Isn't that last sentence a masterpiece? The suggestion that President Bush is less likely to go to war with Iran than his successor is breath-taking in its sheer neo-con perversity.

2 comments:

Patrick Moran said...

Not to quibble about words, but isn't "neocon" short for "neo-conservative"? But Mr. Kouchner is described as a Socialist. So he wouldn't seem to be a conservative at all.

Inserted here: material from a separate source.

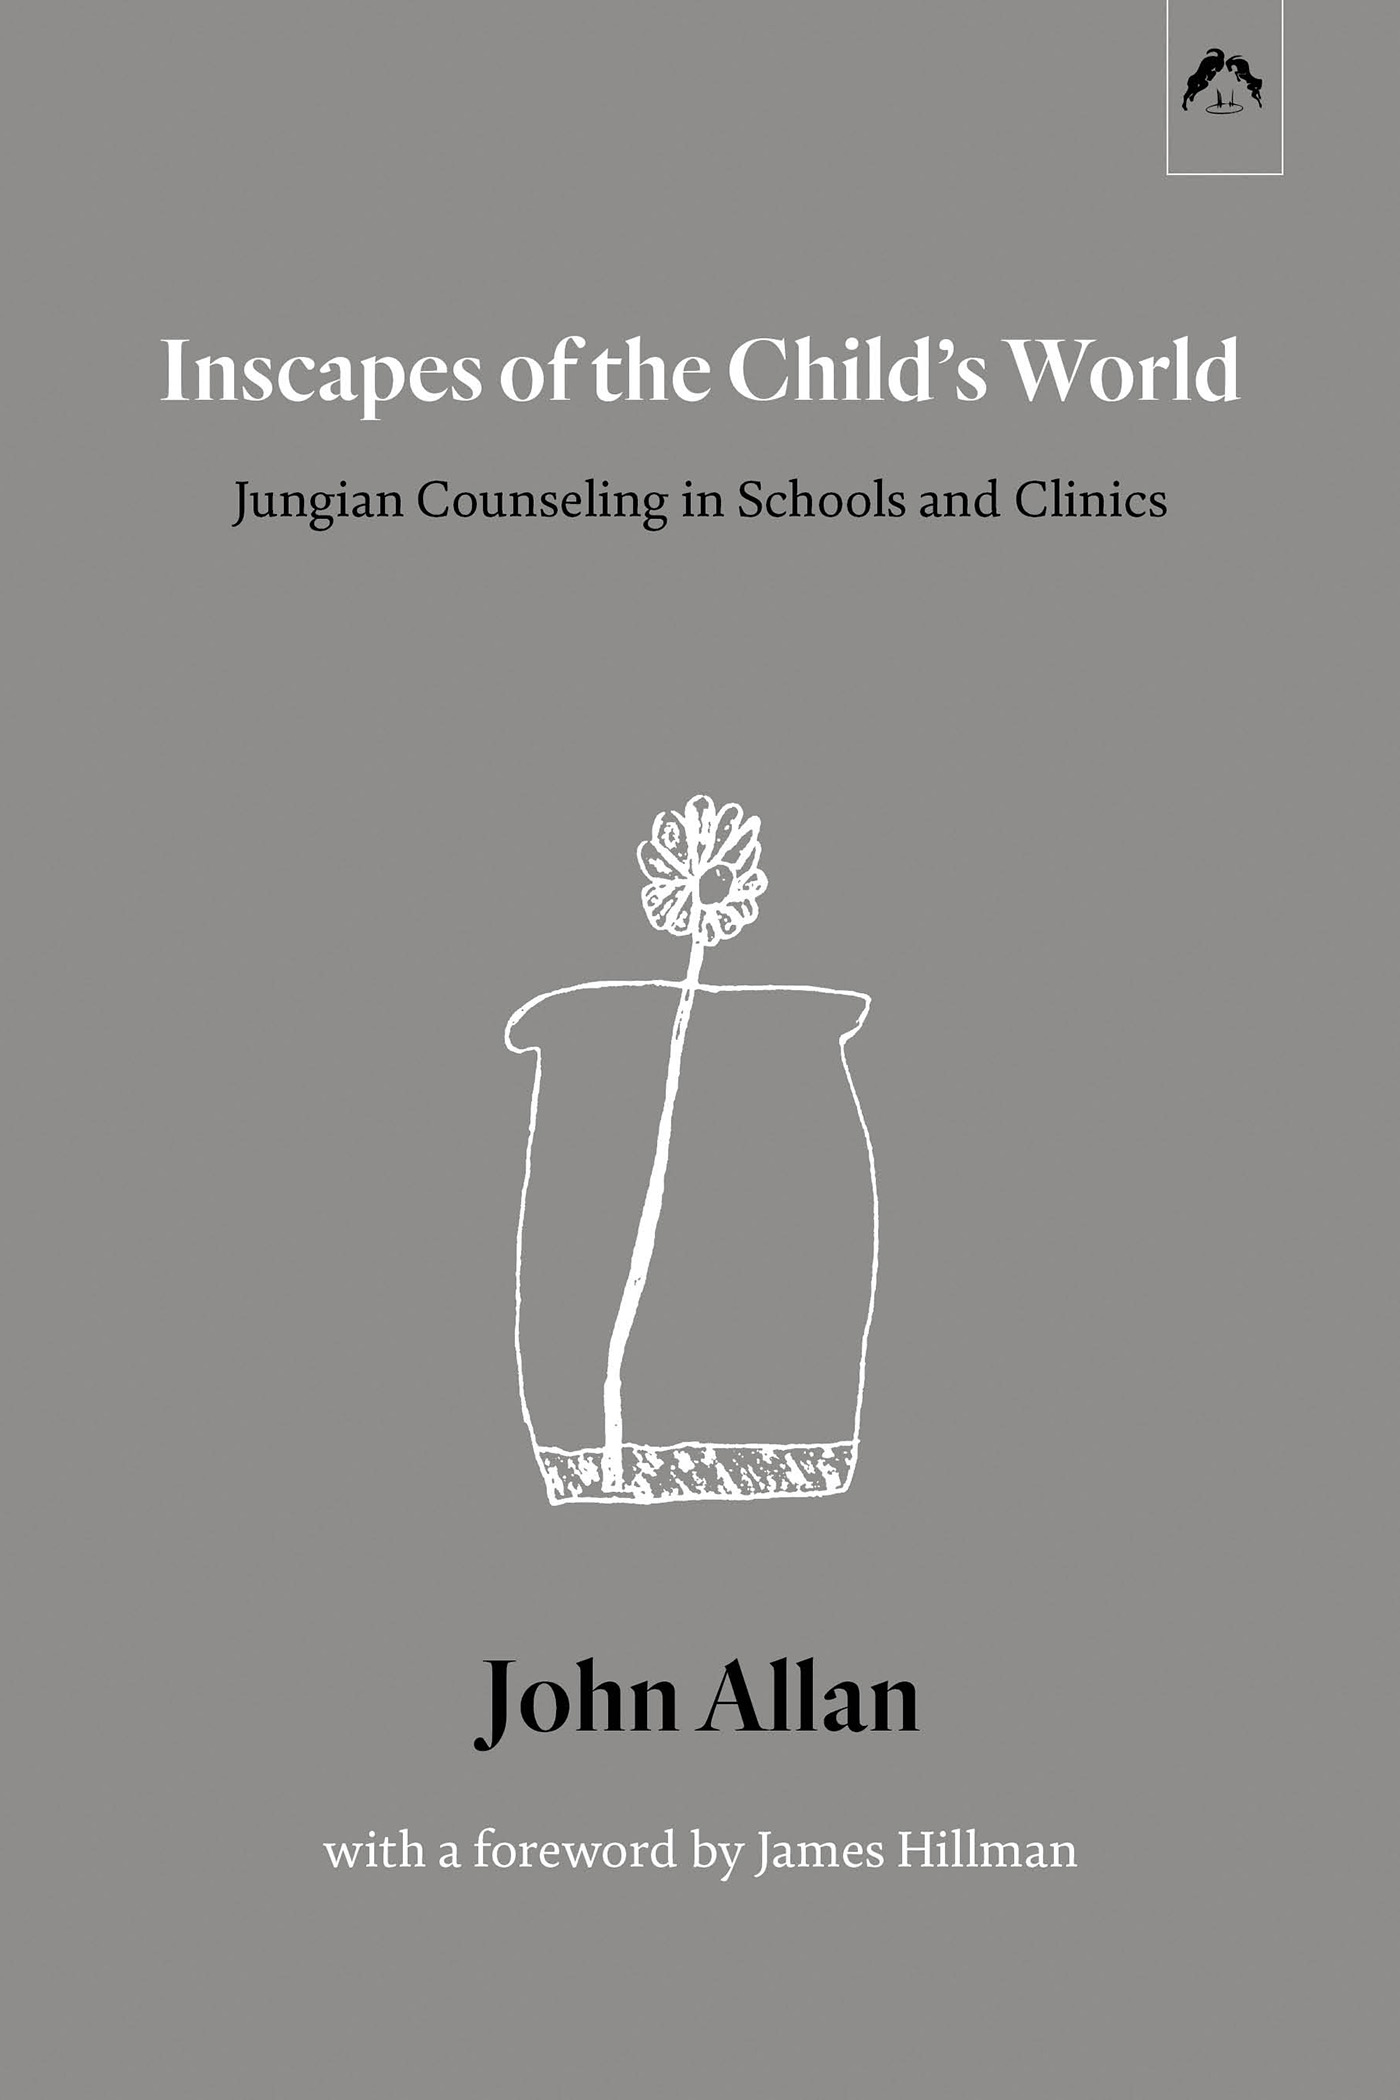 Inscapes of the Child's World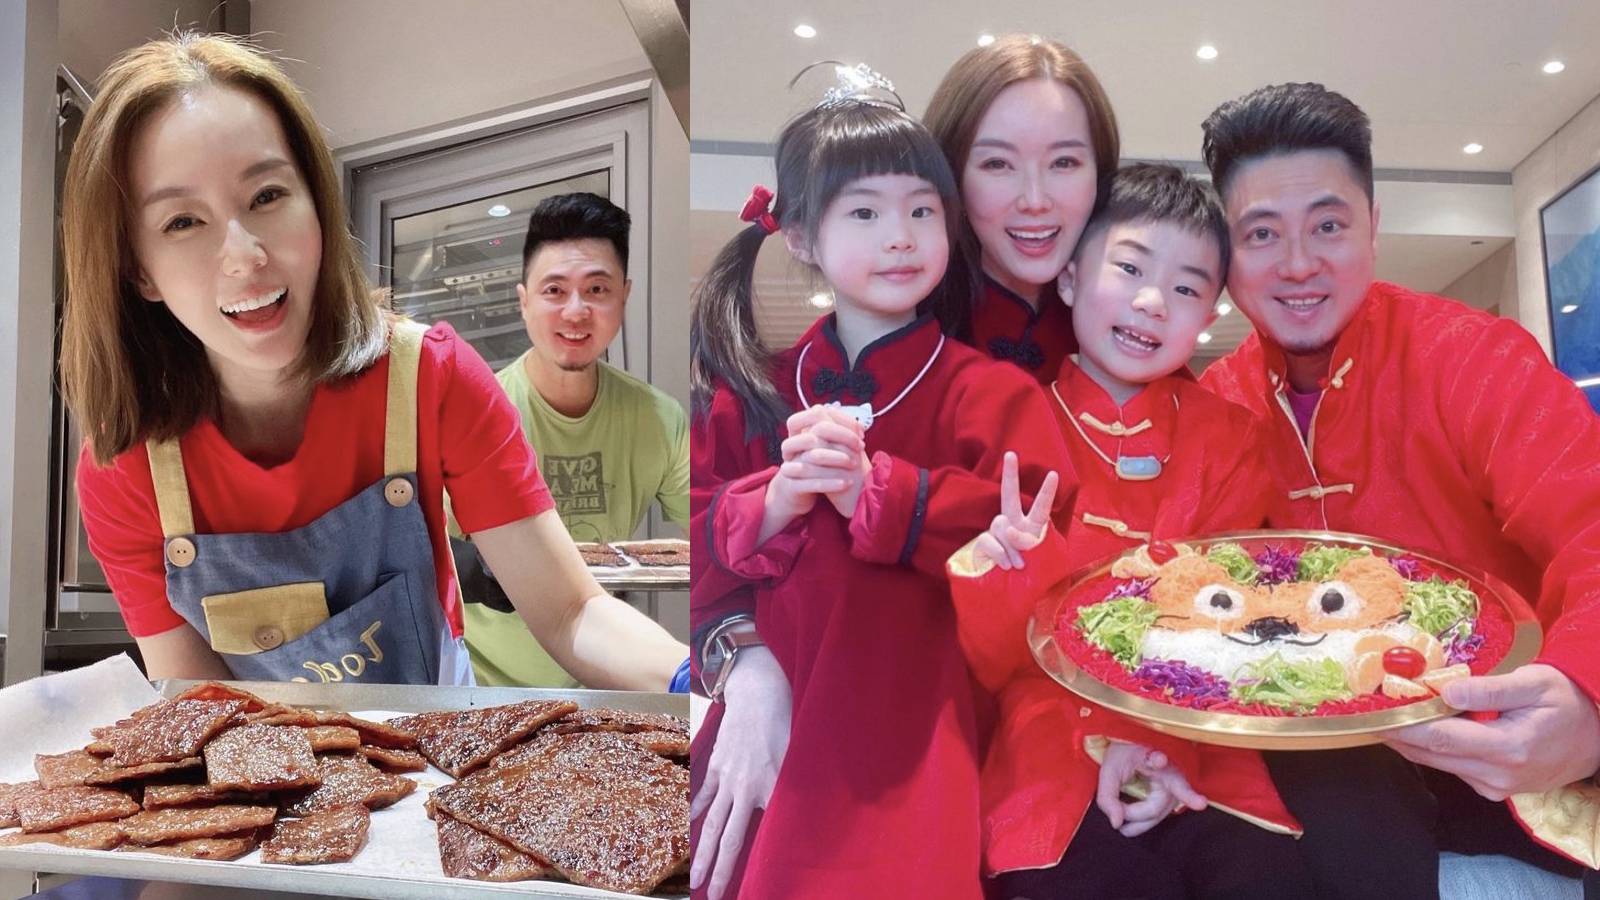 Yvonne Lim and her family got busy in the kitchen prepping for CNY

While preparing the American people for an attack on Iran is a possible explanation for Mr. Kouchner's comments, another possible explanation is that the intended audience is the Iranian government and the Itanian public, so as to encourage Iran to be more accomodating in its negotiations. While such comments could be made to Iranian government representatives behind closed doors, making them publicly has the advantage of adding urgency and credibility and the added advantage of reaching the Itanian public and perhaps encouraging the Itanian public to pressure its government to make peace. Perhaps Mr. Koucher's "neo-con dance" is part of a diplomatic dance with Iran.

Dave Barrett said...

patrick,
I agree with you that neo-cons don't seem to be conservative at all. They don't seem to conserve anything.
We can certainly hope that all this talk is just a negotiating tactic with Iran, but it all reminds me too much of what was said before we invaded Iraq. Remember how Congress was told that the authorization to go to war would just be used by President Bush as a negotiating tactic?